I was referring to TensorRT from Nvidia and TPUs from Google.

One of the strength of the TFLite API is that the same exported tflite model
can run on both mobiles and servers. It may make less sense to run lite models
on servers, because of the loss of precision but it may also have its own use
case for very big models on cheap servers.

Nvidia sells Android devices and embedded boards for robotic, which will
surely have some sort of TensorRT-derived cores if not already. Goole could
one day integrate their specialized cores (security and TPUs) into their
phones too, or into AI-oriented IoT devices.

------
DoctorOetker
"Without repacking, the microkernel would have to read rows of A separated by
potentially large stride. If this stride happens to be a multiple of a large
power of 2, elements from different rows of A in the panel may fall into the
same cache set. If the number of colliding rows exceeds cache associativity,
they evict each other and performance falls off a cliff.
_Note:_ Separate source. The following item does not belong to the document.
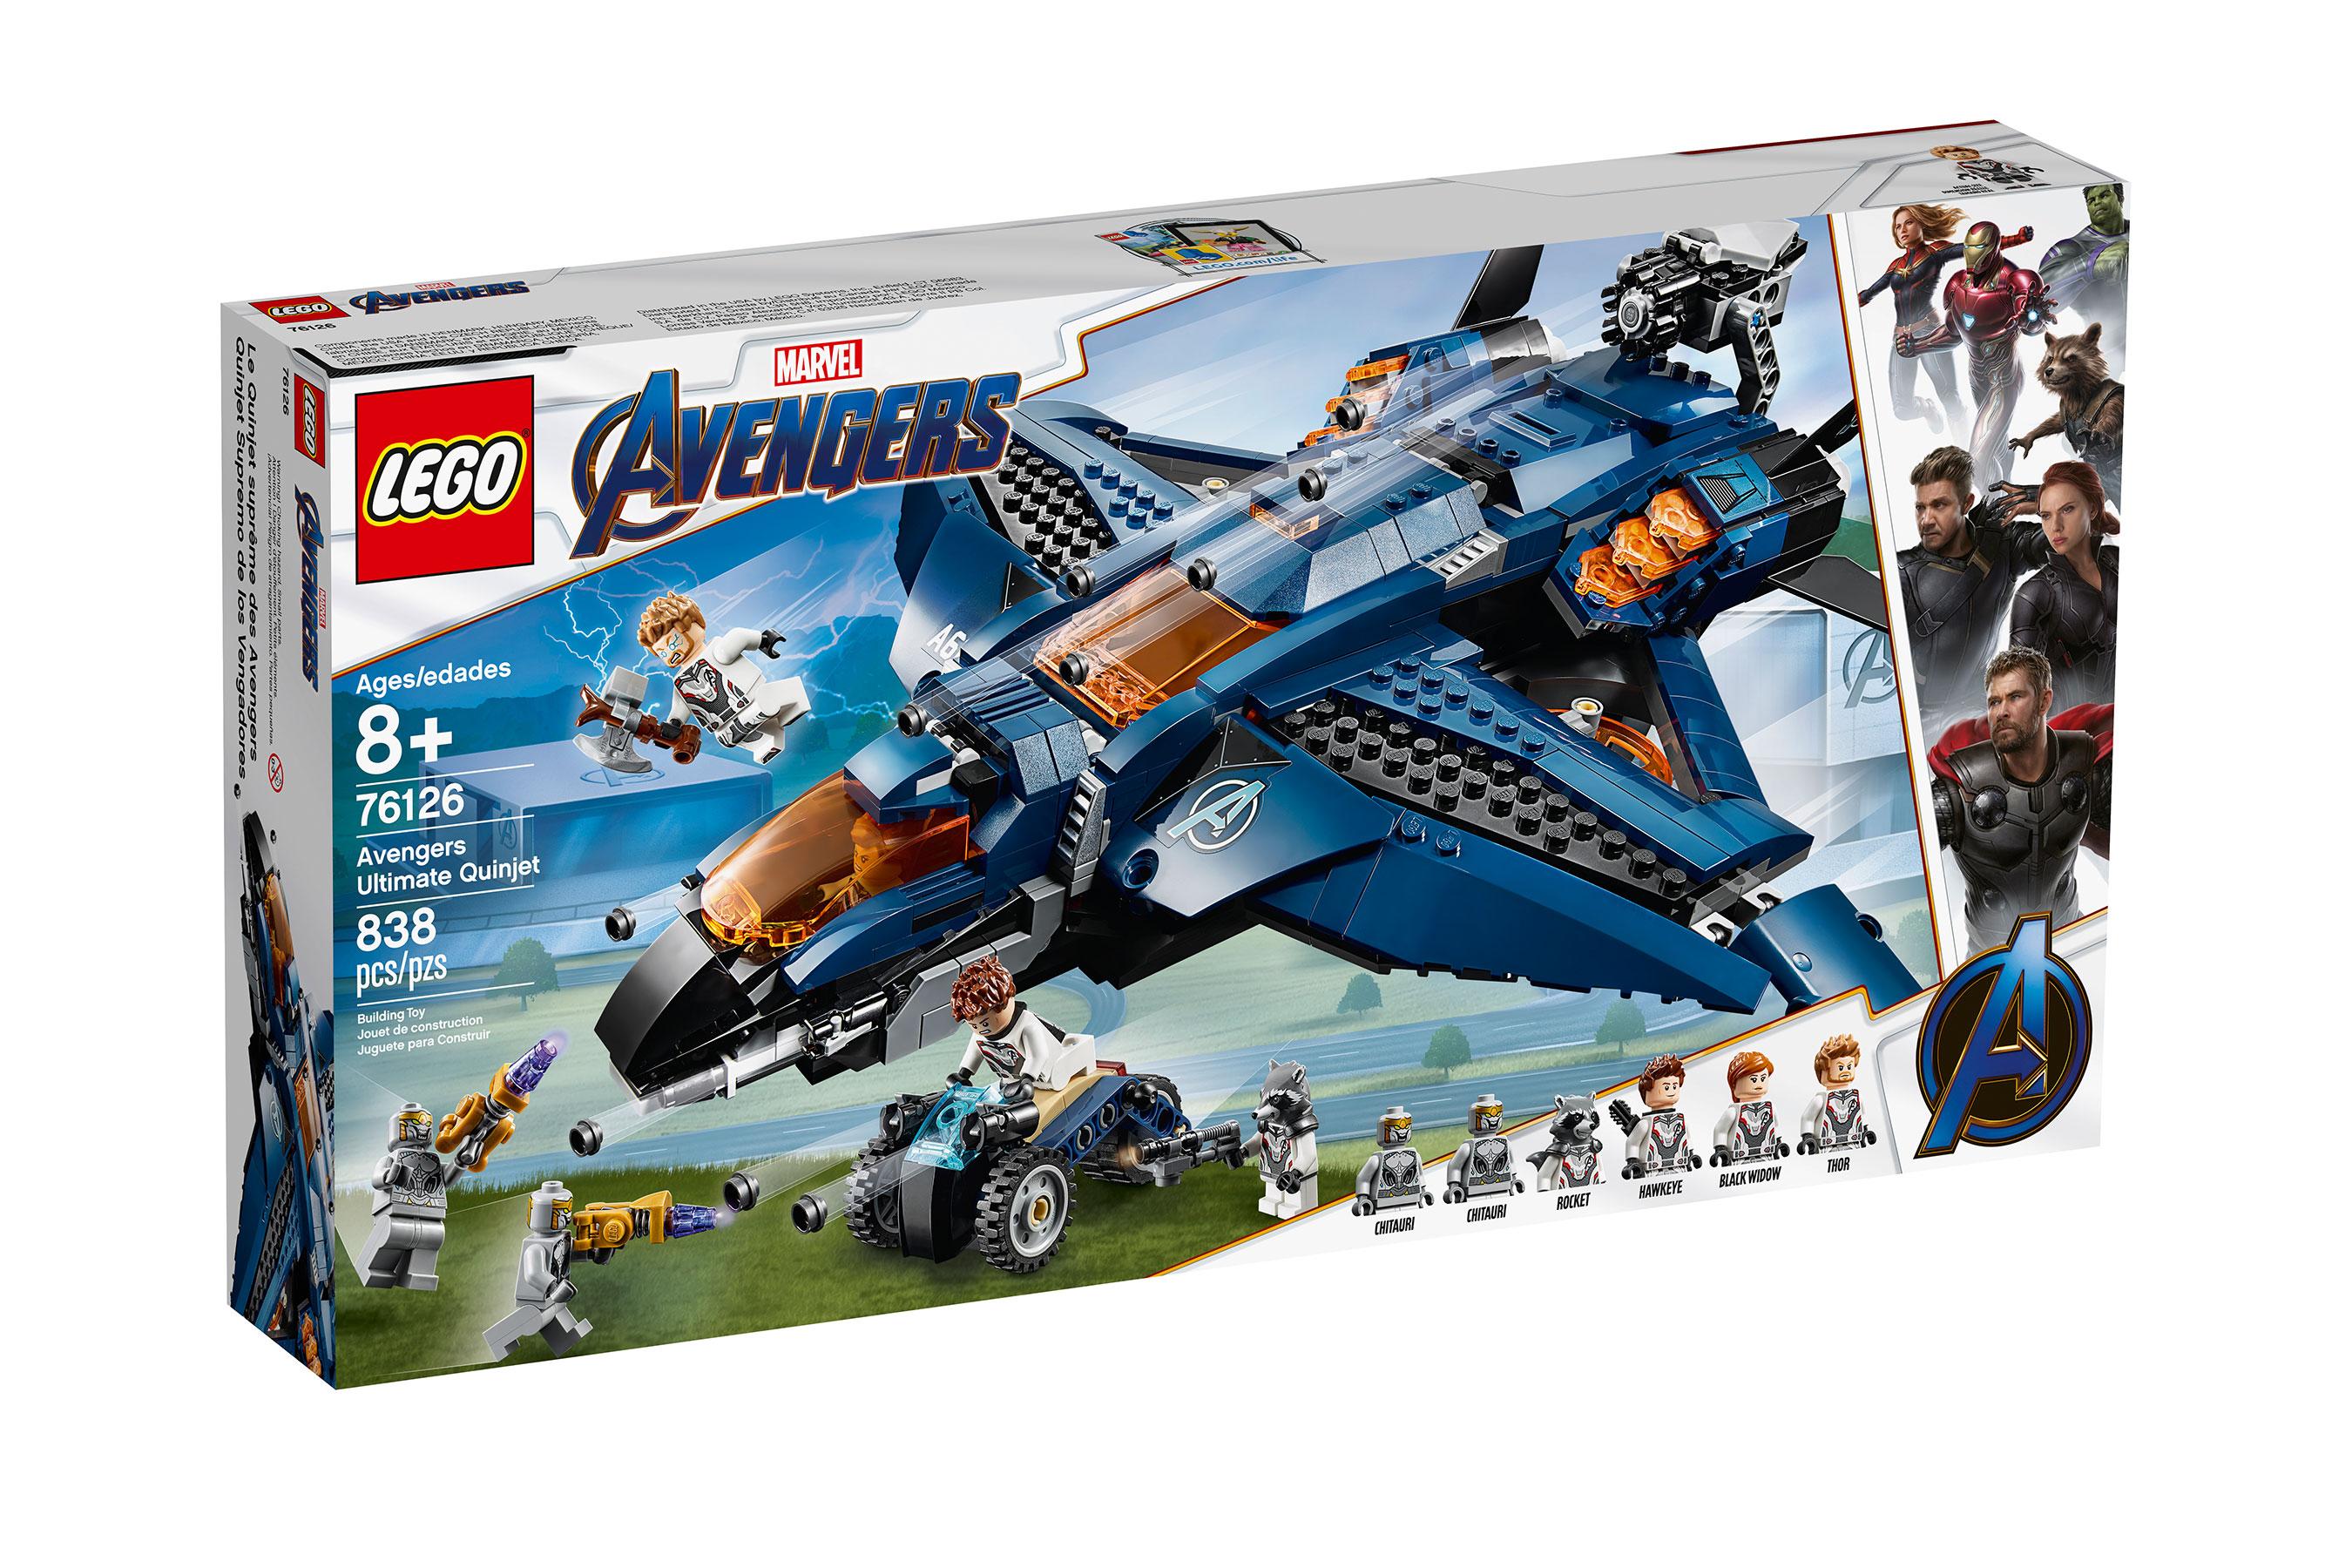 Avengers: Endgame LEGO Sets Revealed | Cosmic Book News

Fortunately, this
situation cannot happen when the panel fits into L1, as with the models for
which QNNPACK is optimized."

I only very roughly understand the concepts of caching and eviction
algorithms, but I wish processors and OS'es (which presumably can configure
cache behaviour) would expose the current cache configuration so that
compilers and library designers can take this into account in a more
automated/uniform way. Alternatively how accurately do emulators model cache
behaviour? It would be nice to see where a bottleneck is, or how long ago a
needed value was evicted for profiling purpouses